Она сдержала резкий ответ, готовый сорваться с языка, испугавшись, что он может лишить ее обещанного удовольствия. Она с прилежанием вернулась к своей работе, боясь, что если он затеет еще одну из этих болезненных ссор, которые, казалось, вели в никуда, она разрыдается.
Беренис знала, что прогулка верхом в мужском седле принесет одни страдания и никакого удовольствия. Но Себастьян настоял на том, чтобы она надела бриджи, бросив ей пару, которая, как он считал, могла подойти. Она смотрела на них, держа на расстоянии вытянутой руки. Даже свободные брюки надевать не очень-то хотелось, а уж тесные бриджи, известные в высшем обществе под презрительным названием «штаны», вообще считались самой неприличной одеждой для женщины, если к ним не добавить широкую юбку – именно так модницы ездят верхом в Англии.
Как-то даже произошел грандиозный скандал, когда одна из придворных дам появилась на балу, одетая в телесно-розовые бриджи под прозрачным платьем в греческом стиле. Даме пришлось удалиться на время в свое имение, пока шум не утих.
И вот теперь, смущенная, с пылающим лицом, она присоединилась к нему во дворе, одетая в штаны из оленьей кожи, тесно облегающие ее бедра. Вдобавок, на ней была белая рубашка с широкими рукавами, бежевая кожаная куртка и широкополая шляпа. Себастьян нашел для нее пару высоких индейских мокасин, которые, в чем Беренис была абсолютно уверена, вкупе со всем остальным придавали ей по меньшей мере странный вид.

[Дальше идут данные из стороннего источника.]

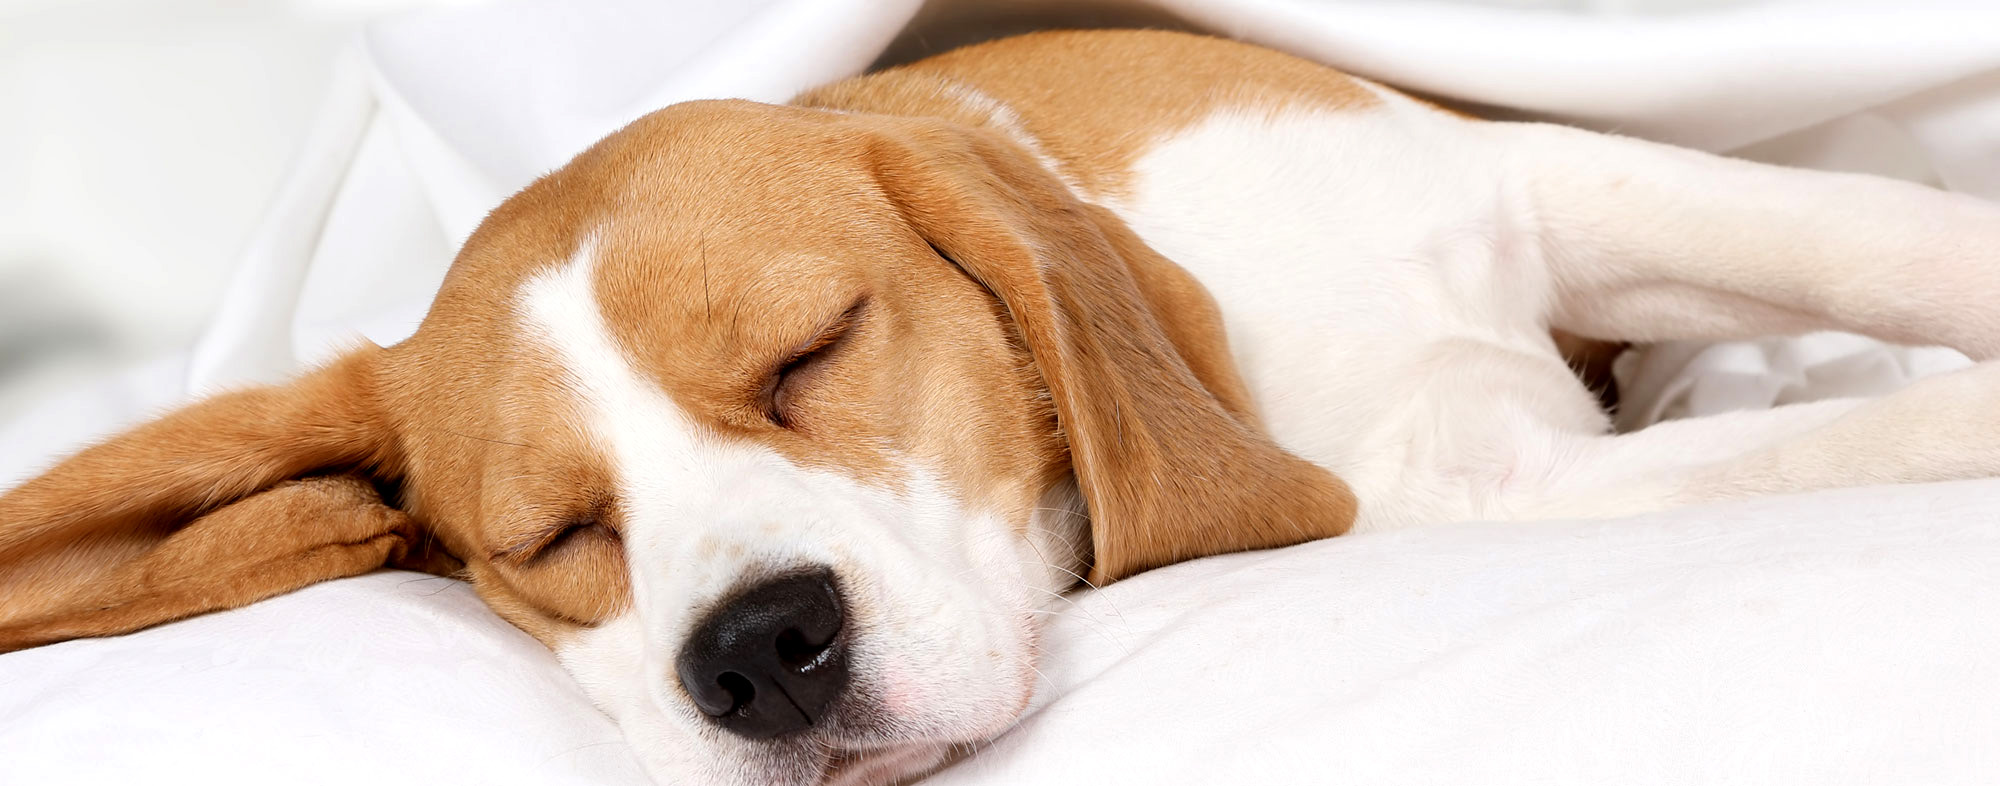 Sleep with your pet? How that may affect you (and your pet)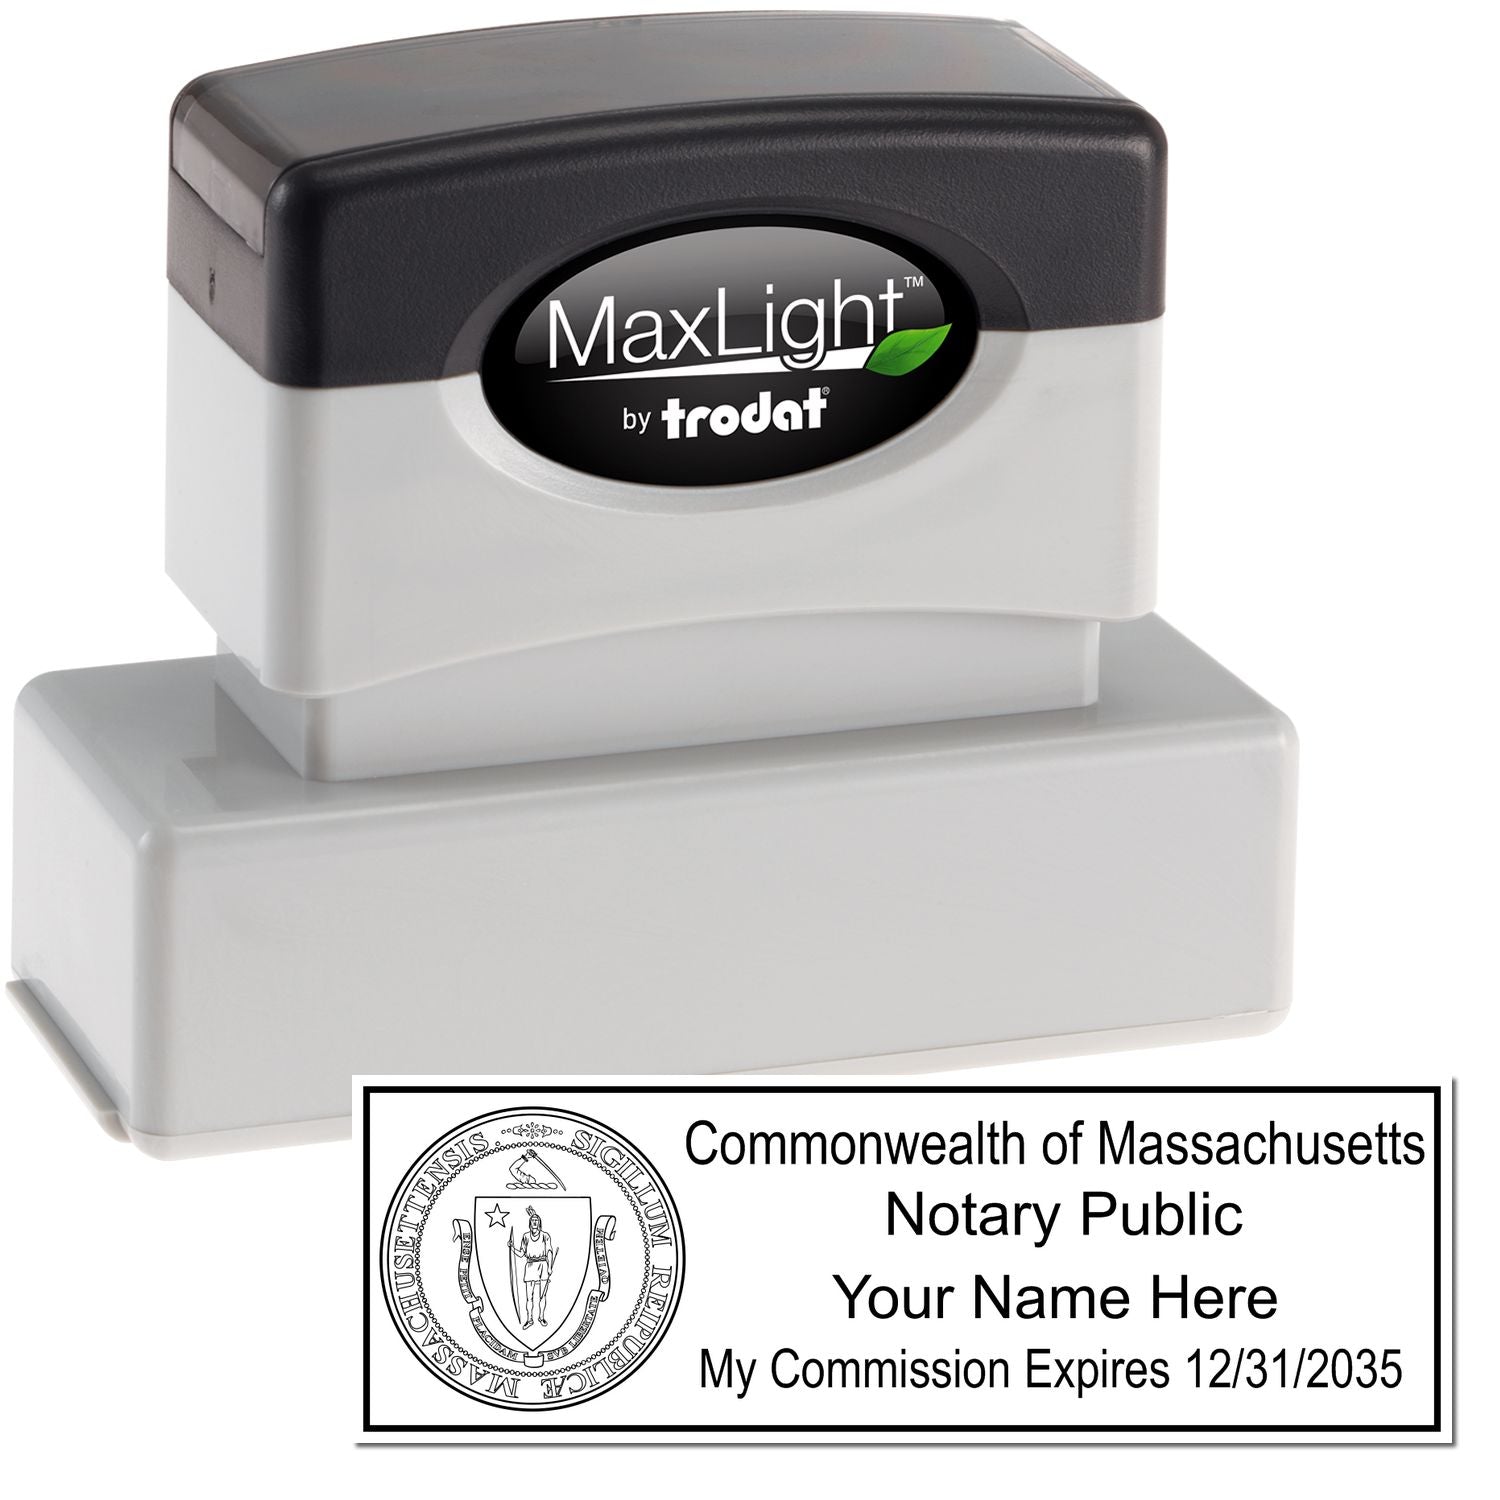 The main image for the MaxLight Premium Pre-Inked Massachusetts State Seal Notarial Stamp depicting a sample of the imprint and electronic files

Она немного успокоилась, когда Грег восхищенно присвистнул, помогая ей взобраться в седло: ее нога все еще причиняла беспокойство. Только тогда Беренис поняла, что они с Себастьяном будут единственными участниками охоты. Она не спеша ехала за ним, покидая парк Бакхорн-Хауса. Беренис любовалась игрой утреннего света на широких, обтянутых кожаной курткой плечах Себастьяна, чувствовала, как роса увлажняет ее лицо, осыпаясь с задетых веток, когда они пробирались по узкой тропинке, извивавшейся среди густых зарослей молодого дуба, бука и сосны.
Эту ночь она провела в одиночестве и плохо спала, недоумевая, почему Себастьян предпочел провести большую часть времени с Грегом за бутылкой виски. Но несмотря на эту досаду, она проснулась с трепетным чувством ожидания, словно ребенок рождественским утром, зная, что должно произойти что-то волшебное.
Себастьян был в добродушном настроении и всю дорогу разговаривал с ней, рассказывая о встречающихся на пути растениях, указывая на птиц и животных, и его голос звучал страстно и взволнованно под впечатлением красоты и великолепия окружающей природы. Беренис была очарована, ибо никогда прежде не знала его с этой стороны. Он превратился в совсем другого человека – способного терпеливо объяснять, когда она расспрашивала обо всем, что встречалось на пути, обнаруживая при этом глубокие знания и любовь к своей новой родине – чем безмерно поразил ее.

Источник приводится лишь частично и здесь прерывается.